Блик света пропал. Фонарик погас. Секунд двадцать слышен был только отдаленный рокот прибоя у рифов. Наконец она сказала дрожащим голосом:

— Ты разведал все это нынешней ночью, Джонни?

— Они, как выяснилось, дотянули туннель до противоположной оконечности острова. В пещере у них битком набитый арсенал. И еще: я слышал женские голоса. Поющие голоса.

— Поющие?

— Понимаю, это звучит дико. Но кроме профессорских жен, петь здесь некому. Словом, принимайся за шифровку. А я пока погуляю.

— Шифровка! А как, собственно, ты собираешься передать свою депешу? — растерянно спросила она.

— По профессорской рации.

— По профессорской?.. Но тебе придется разбудить его.

— Да он не спит. Все еще разговаривает с Хьюэллом, Придется выкурить их из гнездышка. Сперва я хотел заложить полумилей севернее пару шашек аматола. Так сказать, мину замедленного действия, но вряд ли она сработает с нужной четкостью. Целесообразнее поджечь барак. Бензином я разжился.

— Ты сошел с ума. — Дрожь в голосе поунялась, а здравого смысла в речах прибавилось. — Барак всего в ста ярдах от профессорского дома.

Можно, в конце концов, аматоловые шашки заложить еще дальше. Времени хватит... — Тут она оборвала себя:

— Что за безумная спешка? Какая сила тебя подстегивает? Откуда ты знаешь про утреннее нападение?

— Взрывы в северной стороне и впрямь вышвырнут их на свежий воздух.

Но, возвратившись, они непременно заинтересуются причиной этого фейерверка. Даже предварительные размышления подскажут им: взрывчатку выкрали из арсенала. Там они мигом обнаружат отсутствие двух китайцев-охранников. А чуть позже установят, где они. Да и без взрыва их исчезновение заметят. В крайнем случае на рассвете, а то и раньше. Но нас здесь уже не будет. Иначе прикончат. Меня — наверняка.

— Ты говоришь, два охранника пропали? — осторожно переспросила она.

— Пропали в любом смысле слова. Погибли, — Ты убил их? — прошептала она.

— В определенной степени.

— О Боже, что за повод для острот?

— Простая констатация фактов. — Я взял бидон, взрывчатку, фитили. — Пожалуйста, подготовь шифровку побыстрее.

— Странная ты личность, — прошелестела она. — Временами ты вызываешь у меня ужас.

— Ясно, ясно, — сказал я. — Мне надо было подставлять этим друзьям поочередно одну щеку и другую — для поцелуев. А заодно и ребрышки — для заклания. Нет уж, не настолько я христианин, чтобы...
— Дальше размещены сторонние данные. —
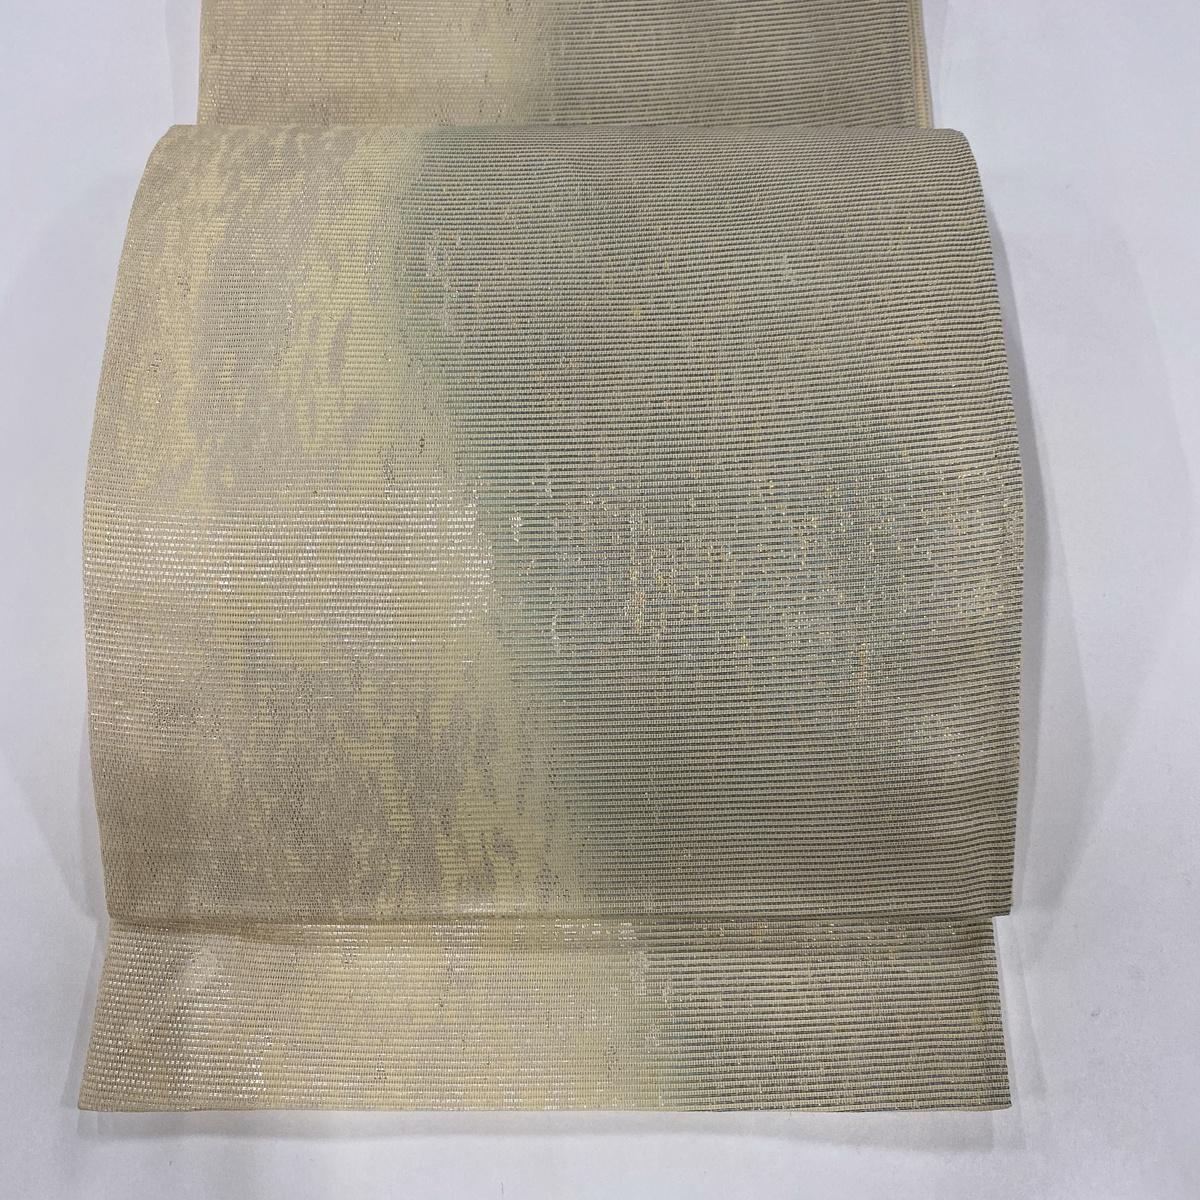 袋帯 美品 秀品 絽 夏帯 幾何学 箔 クリーム 六通 正絹 【中古】

Я вынырнул через черный ход, волоча бидон за собой. В профессорском доме все еще горели огни. Я обогнул жилище Хьюэлла и подошел вплотную к баракам в том месте, где тростниковая крыша спускалась почти до земли. Я не собирался сжечь здание дотла. Да это мне и не удалось бы: у каждой хижины стояли чаны с соленой водой — страховка на всякий пожарный случай. Но пылающая смола могла произвести ошеломляющий декоративный эффект. Стараясь не бренчать жестью, медленно, осторожно, я старательно опрыскал крышу горючим, сунул один конец бикфордова шнура в солому, другой — в химический воспламенитель. Высек ножом искорку из кремня.

Фитиль воспламенился. И я покинул сцену, прислонив порожний бидон к стене Хьюэлловой избушки.

Я застал Мэри в кровати под покрывалом, из-под которого струился слабый свет. Циновка, открывавшая вид на море, поднялась и опустилась, пропуская меня в комнату. Фонарик под покрывалом тотчас потух. Мэри вынырнула из-под него.

— Джонни?

— Я. Закончила?

— Вот. — Она вручила мне клочок бумаги.

— Спасибо. — Я спрятал шифровку в нагрудный карман и продолжал:

— Представление начинается минуты через четыре. Когда Визерспун с Хьюэллом выскочат из дома, стой в дверях, испуганно тараща глаза, стыдливо прикрываясь руками и задавая вопросы, приличествующие случаю. Потом повернись к ним спиной и крикш в темноту: пускай, мол, я не трепыхаюсь, происходящее меня не касается. Быстро одевайся. Брюки, носки, блузка.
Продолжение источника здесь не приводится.